- Episode no.: Season 5 Episode 12
- Directed by: Don MacKinnon
- Written by: Greg Thompson
- Production code: 4ASA21
- Original air date: February 15, 2015

Guest appearance
- Molly Shannon as Millie;

Episode chronology
| ← Previous "Can't Buy Me Math" | Next → "The Gayle Tales" |
- Bob's Burgers season 5

= The Millie-churian Candidate =

"The Millie-churian Candidate" is the 12th episode of the fifth season of the animated comedy series Bob's Burgers and the overall 79th episode, and is written by Greg Thompson and directed by Don MacKinnon. It aired on Fox in the United States on February 15, 2015.

==Plot==
At Wagstaff elementary Tina tries to convince Louise and Gene to help her in Jimmy Jr.'s run for student body president. Louise mocks the process and refuses to help but Jimmy Jr. is unconcerned as his polling numbers show he has a 95-point lead over the only other candidate, Henry Haber. In the cafeteria, Henry hands a campaign flyer to Millie who promptly crumples it. He explains that though Jimmy Jr. wants to be everyone's friend Henry wants to be president so he can have power over people to help them. Struck with the idea of power Millie decides to run for president so she can control Louise.

Initially mocking the idea of Millie running, Louise becomes concerned when she has a nightmare where Millie wins the election and forces Louise to be her friend. Louise decides to run Jimmy Jr.'s campaign to ensure he wins over Millie. Louise creates a pro-Jimmy Jr. ad which the students find lame. She then changes tactics and creates an attack ad on Millie which backfires by making Millie sympathetic. Deciding that a negative attack ad will create sympathy for Jimmy Jr. Louise films one attacking Jimmy Jr, which causes him to slide even further in the polls.
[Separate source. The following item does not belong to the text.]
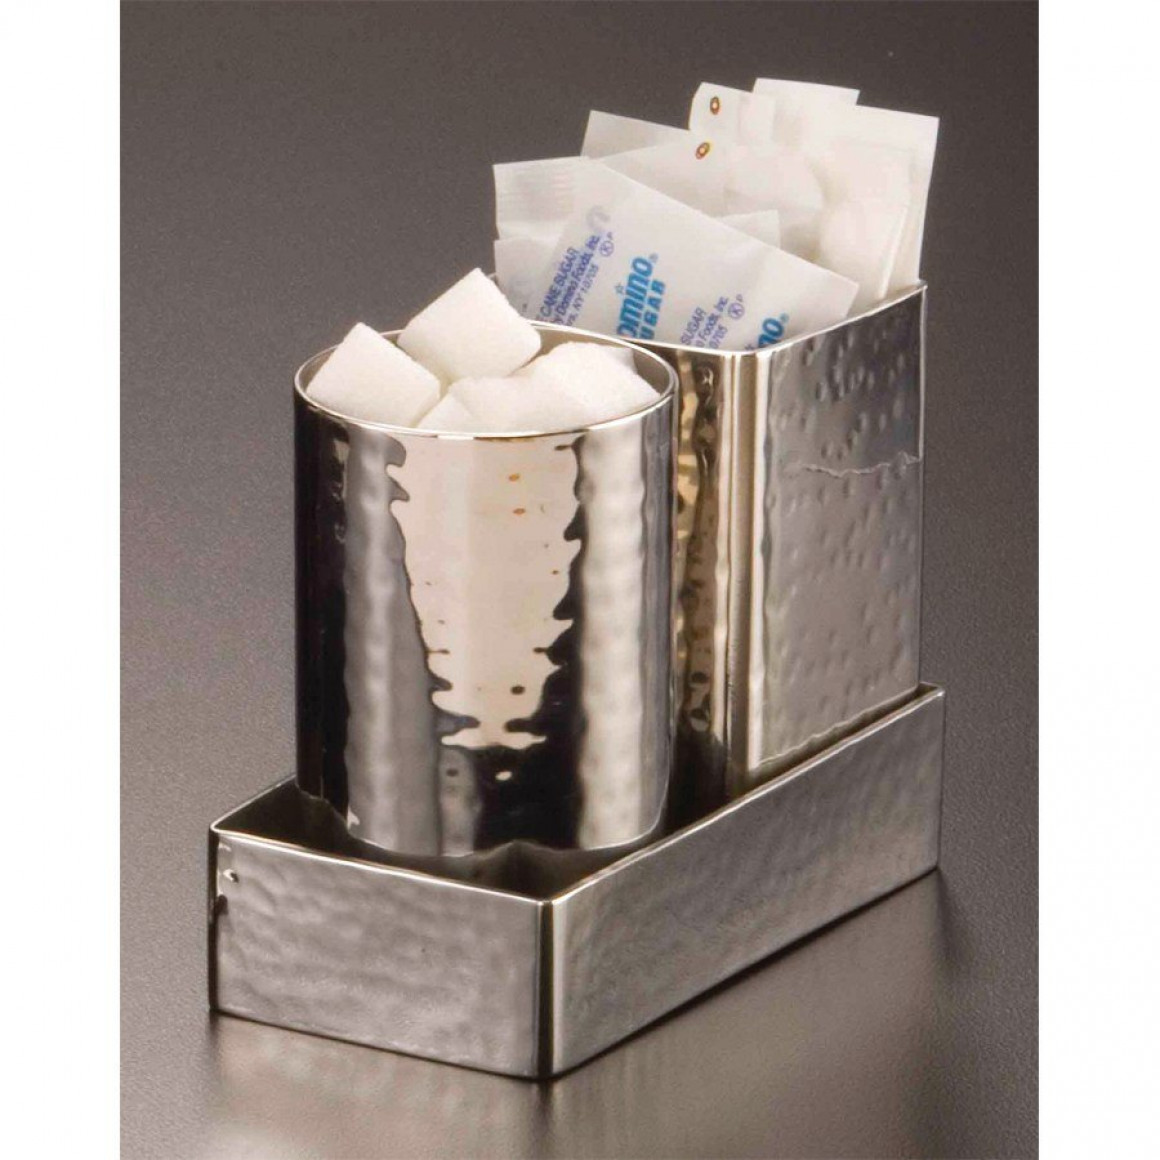 HOLDER, SUGAR PACKET/CUBE, STAINLESS STEEL, HAMMERED, SQUARE

Jimmy Jr. decides to quit his campaign as Millie has offered to let him pick the songs for school dances which was his sole reason for running in the first place. Unwilling to let Millie win, Louise decides to run for office herself. She fails horribly at gaining traction for her campaign and during a debate Louise is horrified to learn Millie plans to institute an alphabetical "besties system", making it so Louise and Millie would be paired up as besties.

The day of the election Louise receives an anonymous note that encourages her to look in Abby's permanent record file. Louise forces Gene and Tina to help her break into Mr. Frond's office. They are caught by Mr. Frond, but only after Louise has already located what's inside Abby's permanent record. Louise escapes to the gym, where voting is going on, and reveals that Abby's real first name is Mabel and that, since her name comes before Millie's she will be Louise's bestie. Enraged Millie tells Louise that they will becomes besties no matter what even if she has to take out Abby and briefly chokes Abby with her own braid. Mr. Frond disqualifies both Millie and Louise in the race and then announces since there are no more candidates there will be no president. Henry reminds Mr. Frond that he is still in the race and thus becomes the de facto president. Louise tells Henry that he is lucky to have won but Henry reveals that he orchestrated both Jimmy Jr.'s downfall and was the one who sent the tip off to Louise ensuring that she would take out Millie and be disqualified herself. Louise is shocked but ultimately congratulates Henry believing he will be an amazing president.

Meanwhile, Bob buys a handcrafted $300 Japanese knife and obsesses over how well it performs. Teddy brings in his own favorite hammer to compare, and the two quickly argue over which tool is better. Linda settles the argument by having them do an "Olympics" style competition. The first round (pounding 10 nails vs slicing 10 tomatoes) ends in a tie, and so do the subsequent four rounds. The competition is settled by pitting the tools against each other and see which one causes the most damage. Bob tries to stab the hammer but doesn't make so much as a dent, and Teddy hammers the knife until it's crumpled and unusable. Though Bob is upset, he's impressed by Teddy's hammer and wishes to get one himself.

==Reception==
Alasdair Wilkins of The A.V. Club gave the episode a B+, saying, "There’s some wonderfully insightful character work on display in “The Millie-churian Candidate,” so perhaps it's not such a bad thing that the episode closes by so proudly tipping its own cap. The reveal that Henry Haber engineered all this allows the episode to underline the point it's already made about Louise and Millie, and I'll admit I didn't find the reveal of Henry's own Machiavellian brilliance quite amusing enough to justify the huge amount of exposition needed to get us there."

The episode received a 0.9 rating and was watched by a total of 2.01 million people. This made it the fourth most watched show on Fox that night, behind Brooklyn Nine-Nine, The Simpsons and Family Guy, but ahead of Mulaney.